С формированием советской научной традиции отечественные и зарубежные историографические школы продвигались разными курсами, иногда сближаясь в критической переоценке классических взглядов исследователей предшествующего периода. Примером подобного сближения стала ревизия взглядов классического тюрьмоведения конца XIX – начала ХХ вв. в свете криминологической теории К. Маркса и его последователей. Последователи этой теории видят причину возникновения преступности в классовом расслоении общества, а причину перехода от смертной казни и телесных наказаний к принудительному труду в форме каторги, ссылки, галер и труда в условиях длительного тюремного заключения – в экономических условиях капитализма. Система становления принудительного труда рассматривается, в этой связи, как один из источников трудовых ресурсов – закономерный итог развития капитализма в странах Европы[29]. Продолжением классического марксизма в пенологии стали теории, связывающие появление тюрьмы с меркантильным желанием использовать труд заключенных на благо государства вместо «неэффективного» средневекового устранения провинившихся. На основе данной теоретико-методологической концепции все виды национальной каторги, английские работные дома, французские галеры, голландские ремесленные дома трактуются как общеевропейская тенденция в уголовно-исполнительной практике[30]. Квинтэссенцией «рыночного подхода» к наказанию является работа Г. Руше и О. Кирчхеймера[31], которые предлагали «сорвать с институтов наказания их идеологический покров… и описывать их в реальных производственных отношениях»[32]. Проанализировав соотношение наказания с существующими производственными отношениями и ситуацией на рынке труда, авторы приходят к выводу: в обществах, где труд избыточен (например «маргиналы» позднего средневековья – бродяги, попрошайки, нищие, итальянские лаццарони и пр.) широко распространена смертная казнь и калечащие наказания.
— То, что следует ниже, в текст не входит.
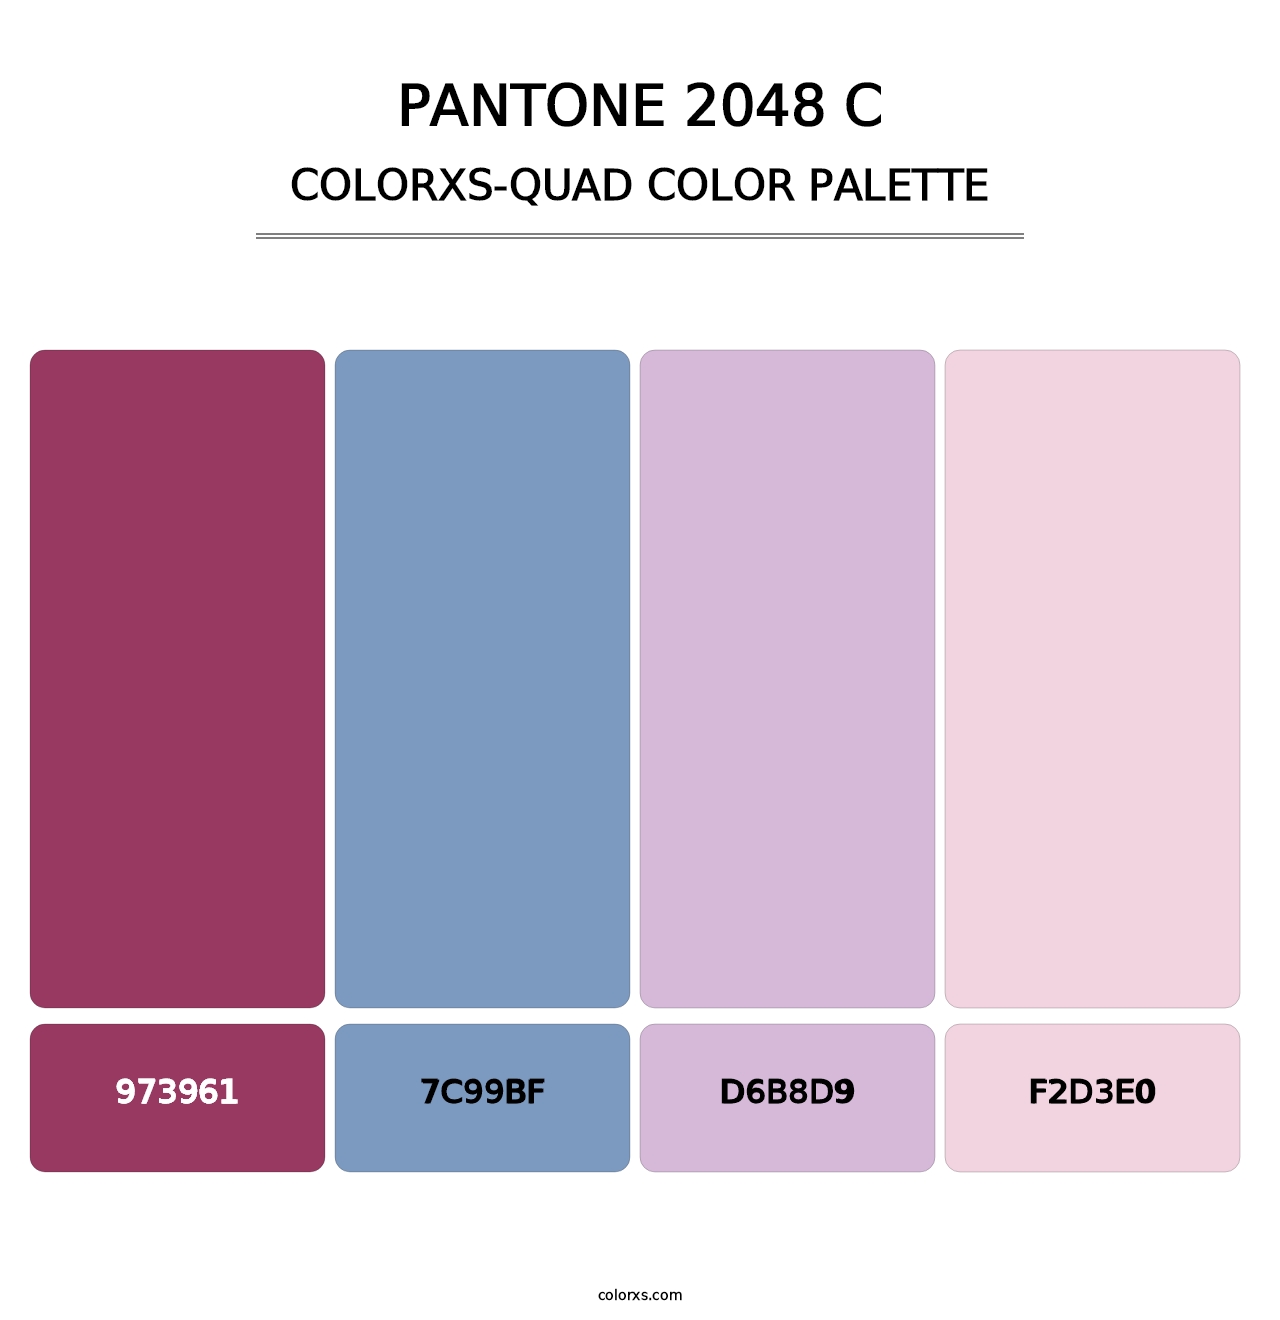 PANTONE 2048 C - Colorxs Quad Palette

Когда относительная ценность труда возрастает – меняются пенальные практики: галеры, каторга, переход к труду в условиях тюремных стен[33]. Следует отметить, что в западной историографии марксистскому подходу к анализу глубинных причин реформ уголовного правосудия уделяется несколько меньше внимания: критически воспринимая марксистские тезисы, трактуют эту теорию как одну из многообразных вариаций социологического направления в криминологии.
Советская историческая пенология испытывала большее влияние марксистской школы, нежели зарубежная историография соответствующего периода. В отечественной историографии советского периода опора на основные тезисы марксистской криминологической теории в оценке возникновения системы принудительного труда прослеживается более явственно. Советские ученые и практики (Л. Коган, М. Берман, Я. Рапопорт, И. Авербах) дополнили марксистскую пенитенциарную теорию идеологически-окрашенным тезисом о «безграничных возможностях трудового воздействия на формирование личности»[34], чем заложили основы еще одной сугубо практической науки – советское исправительно-трудовое право. В целом советское тюрьмоведение заимствовало методологические приемы, заложенные отечественными правоведами XIX-начала ХХ вв.: в трудах С. Познышева, Б. Утевского, М. Шаргородского[35] кардинальная трансформация английского уголовного правосудия представлена как синтез светских просветительских идей английских реформаторов Дж. Говарда и И. Бентама, облеченных в форму Пенитенциарных актов парламента[36]. Таким образом, советское тюрьмоведение явно увеличило крен в сторону нормативистского понимания истории трансформаций в уголовной политике и практике. В соответствии с позитивизмом в праве юридические нормы рассматривались в искусственной изоляции от социальных практик, как формально-юридические установления государства.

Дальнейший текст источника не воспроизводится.